Мы должны были также принимать сановников: военного губернатора Палена, гражданского губернатора Бенкендорфа, коменданта Паткуля, отца Сашиного друга детских игр, которому мы сделали визит, посетив его прекрасный загородный дом, расположенный на высоте над городом. Там было целое гнездо детей и внуков, и делалось все, чтобы развлекать нас. Между прочим, у них состоялся в нашу честь деревенский праздник с играми и танцами, девушки в красивых национальных костюмах, юноши - скорее некрасивые, с длинными белесыми волосами. Капитан Литке передал нас на это время под покровительство некоего господина де Россильона, швейцарца по происхождению, любезного старичка, умевшего самым веселым образом поучать нас. Когда он появлялся у нас по утрам с букетом роз, мы уже бежали ему навстречу. С его программой дня мы всегда были согласны. Он водил нас к "длинному Герману" и "Толстой Маргарите" - городским башням; показывал нам Клуб Черноголовых с залом, где висели гербы эстляндского дворянства, и рассказывал о монастыре Св. Бригитты и легенду его зарождения.
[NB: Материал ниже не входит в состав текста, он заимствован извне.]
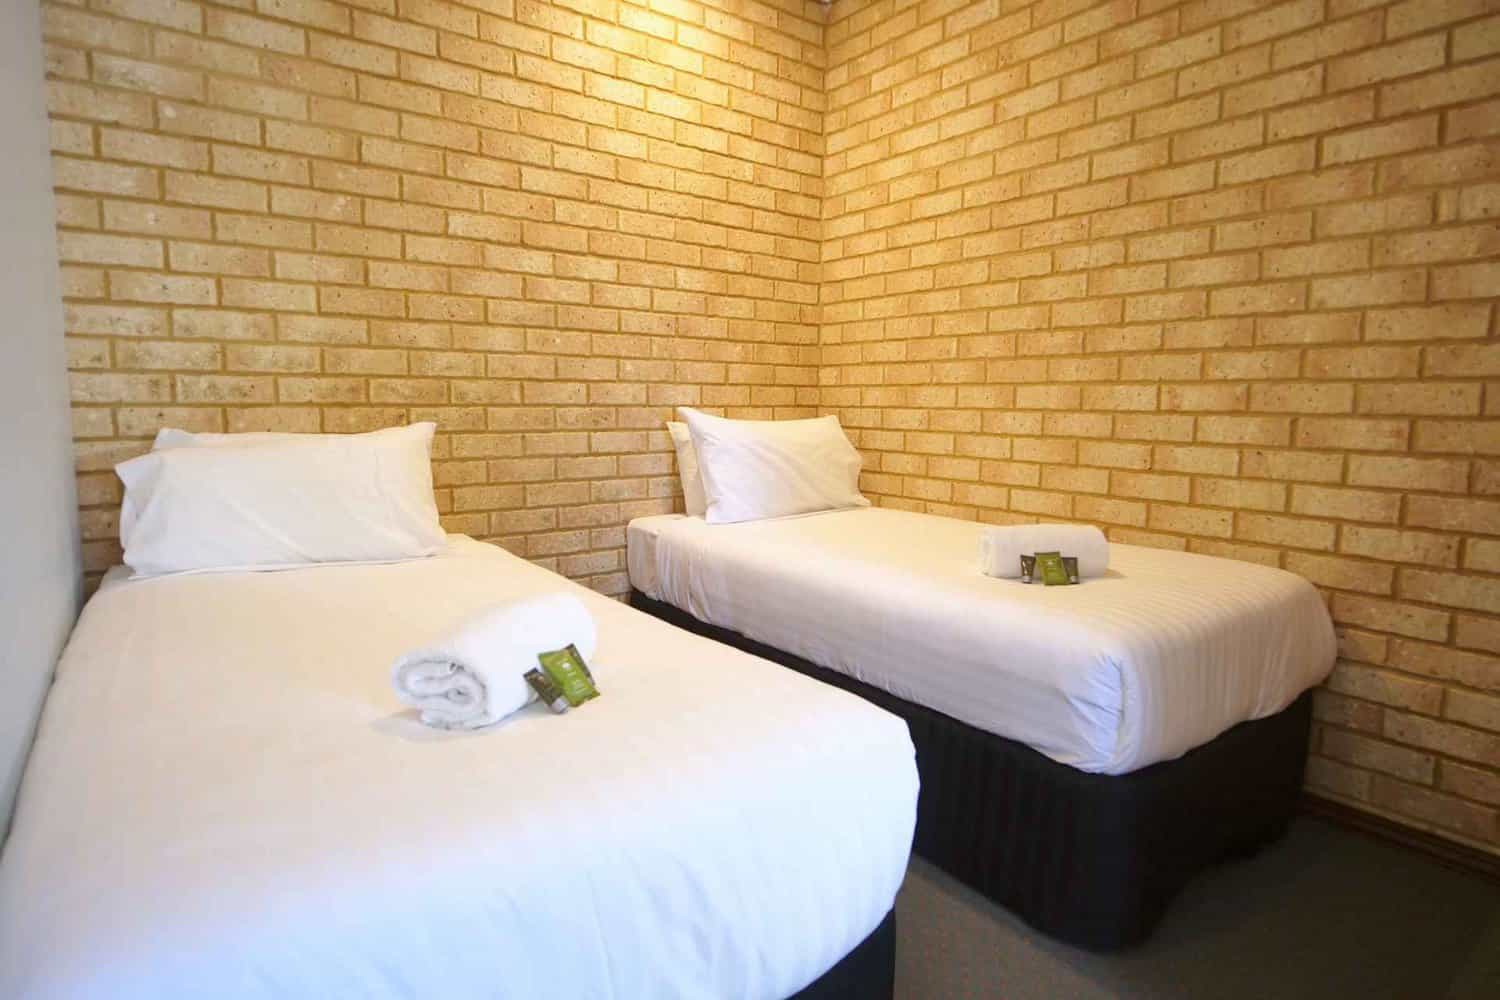 A simple and clean twin bedroom with two single beds set against a yellow brick wall. Each bed is neatly made with white linens and a rolled white towel at the foot. Small green packets, possibly toiletries, are placed on each bed, contributing to a welcoming atmosphere for guests.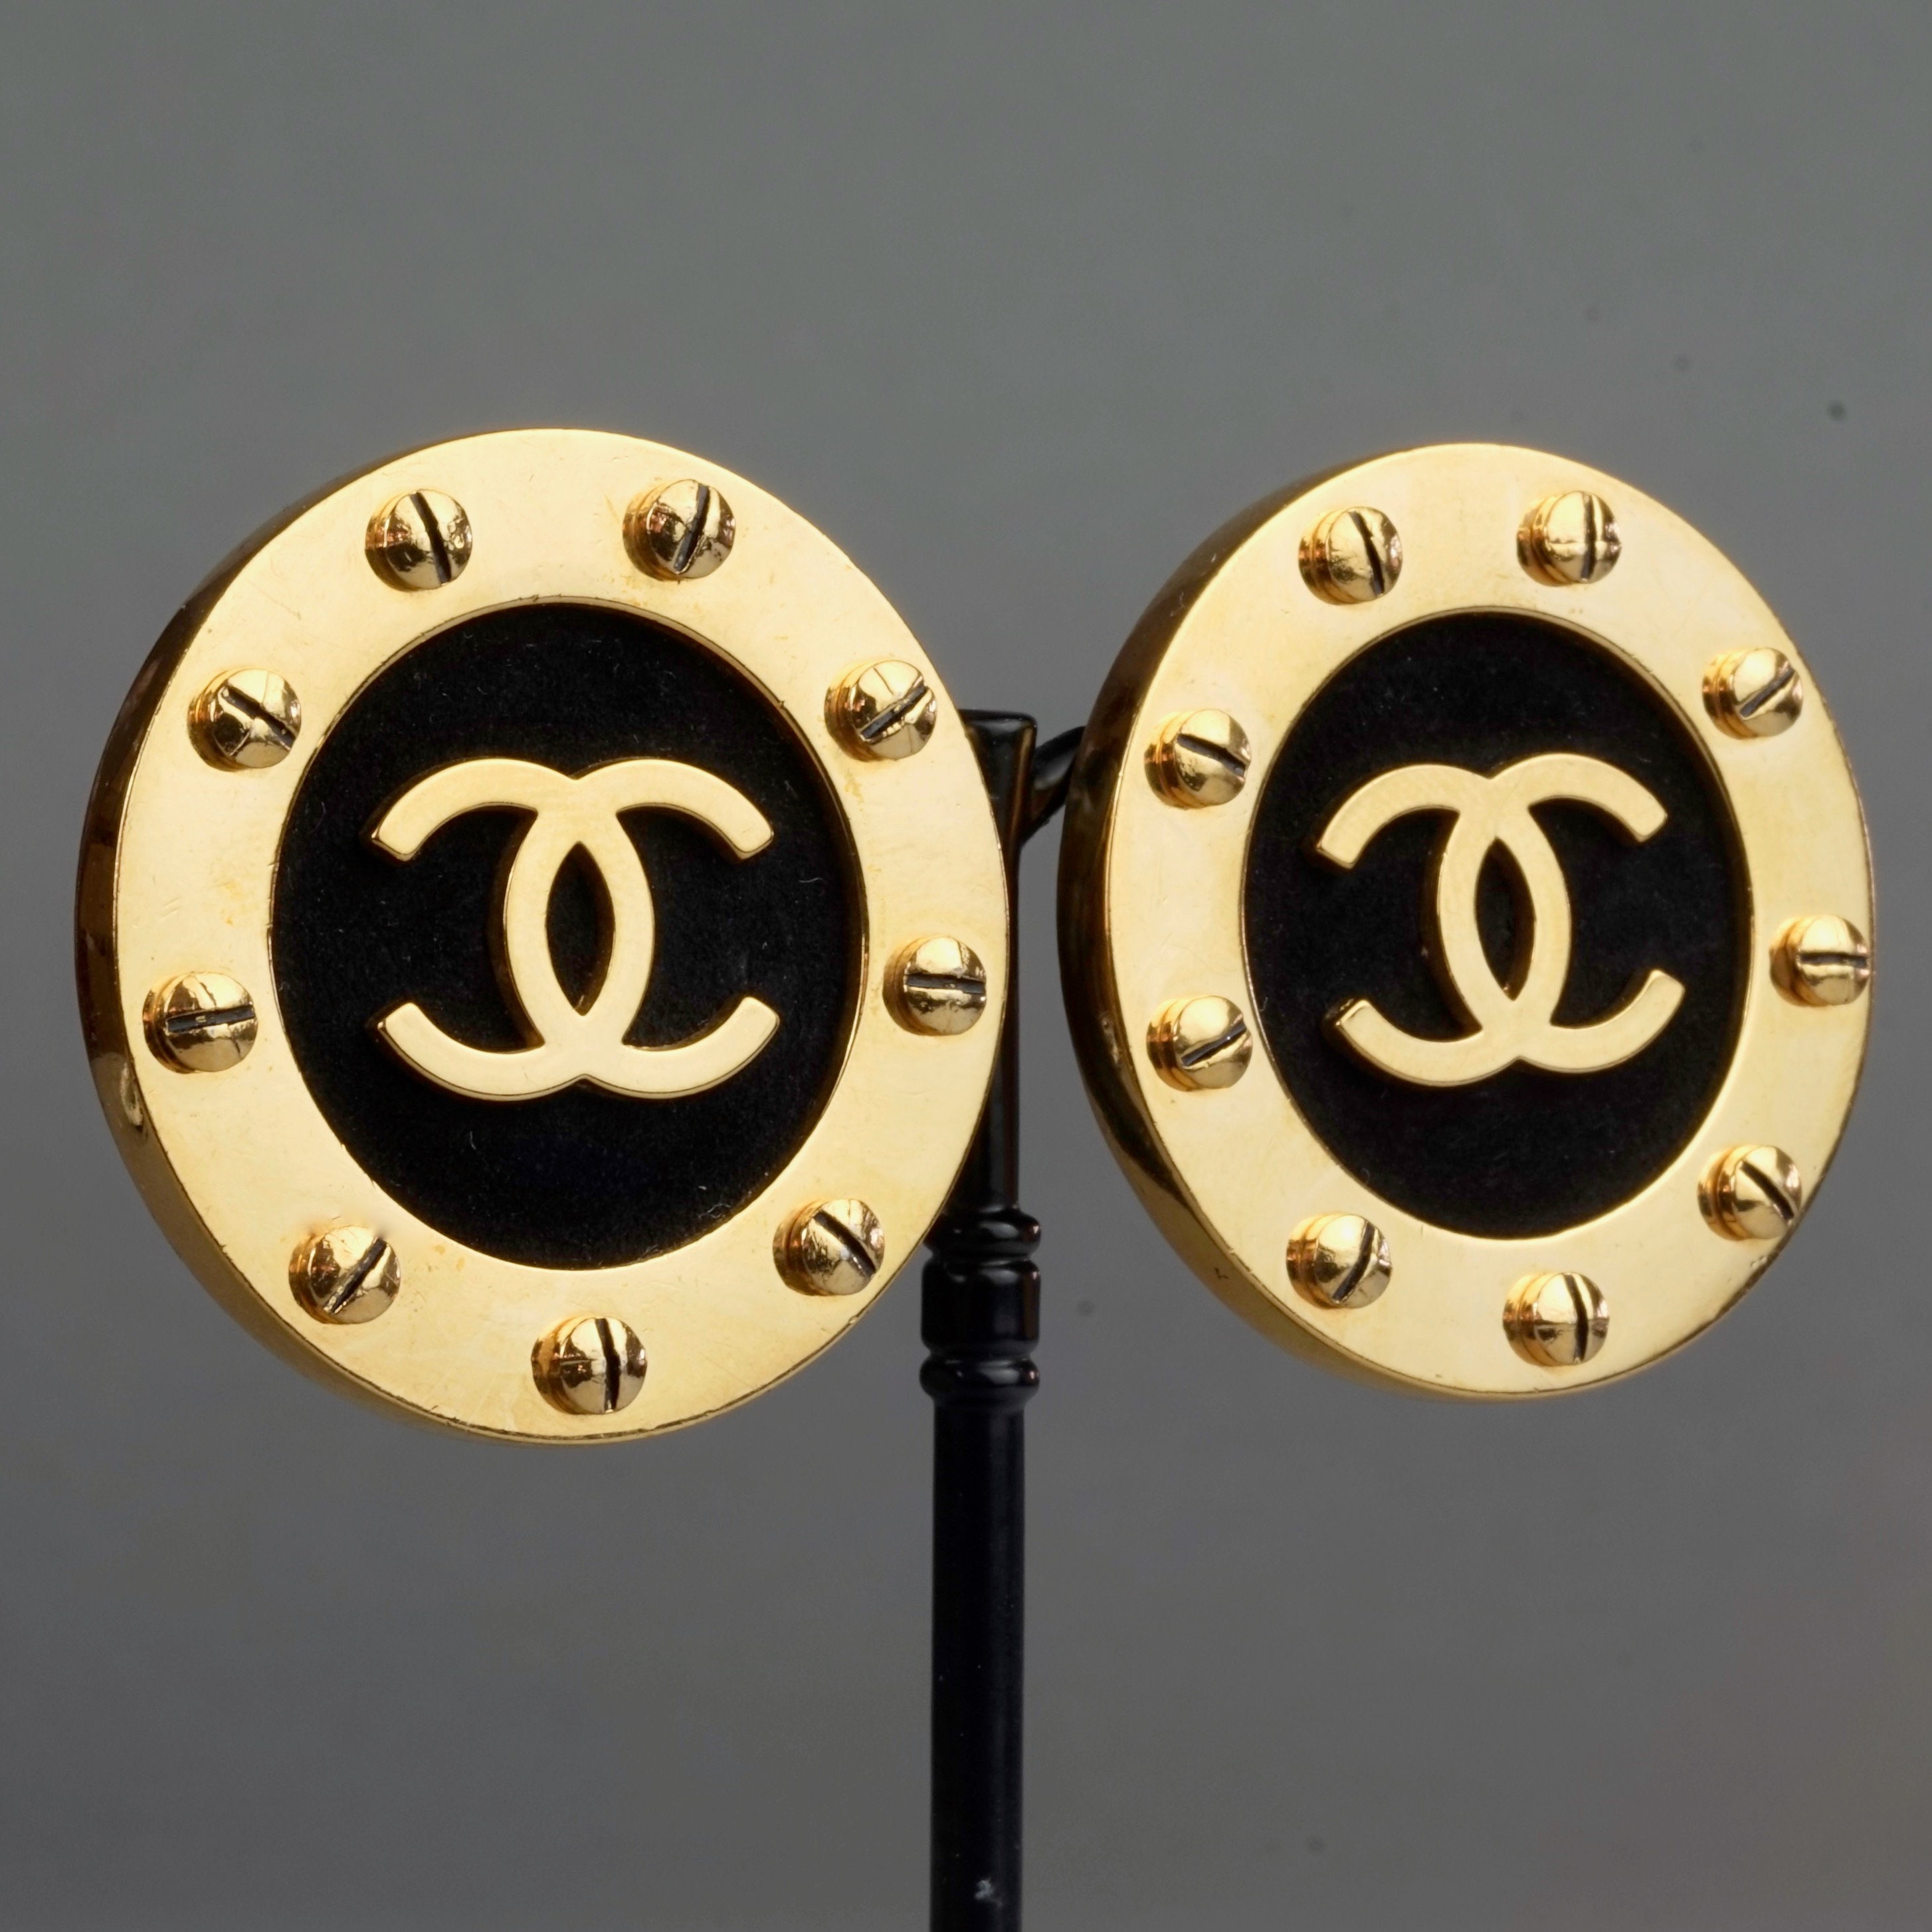 Chanel Vintage Collection 29 Large Oversized Gold and Black CC Logo Statement Giant Stud Earrings

25 июня в Екатеринентале был молебен с парадом войск. Выстроился Невский пехотный полк и раздавали медали в память Турецкого похода. Эта военная сцена захватила нас и привела в восторг.

Через несколько дней мы прервали нашу ревельскую жизнь, чтобы со всеми вместе праздновать в Петергофе рождение Мама. Вечером был феерический балет в саду Монплезира перед бьющими фонтанами, освещенными бенгальским огнем. До августа мы еще оставались в Ревело, чтобы потом последовать за нашими Родителями в Царское Село.

В то время опять входило в моду все китайское. Некто мадемуазель Флеишман учила нас рисованию в китайской манере, а также изготовлению лакированных работ и вышивке золотом по черному шелку. Многие дамы Двора собирались у Мама, чтобы украшать таким образом столики, стулья и ширмы. Старая графиня Бобринская, которая отличалась изобретательностью, придумала занимать грубые пальцы мужчин вырезаньем из персидских материй цветов с крупным узором, которые потом наклеивались на стекло для ширм. Целый зал в Александровском дворце был декорирован в атом новом вкусе; стали также ставить мебель посреди комнат, вместо того, чтобы выстраивать ее, как прежде, по стенам. Кроме бильярда, рояля и ломберных столов в зале могли уместиться по крайней мере сто человек.

В конце сентября мы переехали в Зимний дворец, а 13 октября у Мама родился четвертый сын, ее последний ребенок, названный Михаилом. Он и Низи (Николай), которые назывались "маленькими братьями", долго оставались вместе, как близнецы. Они действительно были драгоценностями для нас, эти маленькие Веньямины! Каждый вечер, в час их купанья, вся семья собиралась в их детской. Они были первыми, пробудившими во мне материнские чувства, кроме того, как крестная мать Михаила, я чувствовала себя в свои десять лет ответственной за них обоих. В этом году в день моего рождения старая прусская камер-фрау Мама сказала мне: "Олечка, теперь начинаются двойные числа, от которых Вы уж не избавитесь". Как это верно! Разве только, что исполнится сто лет.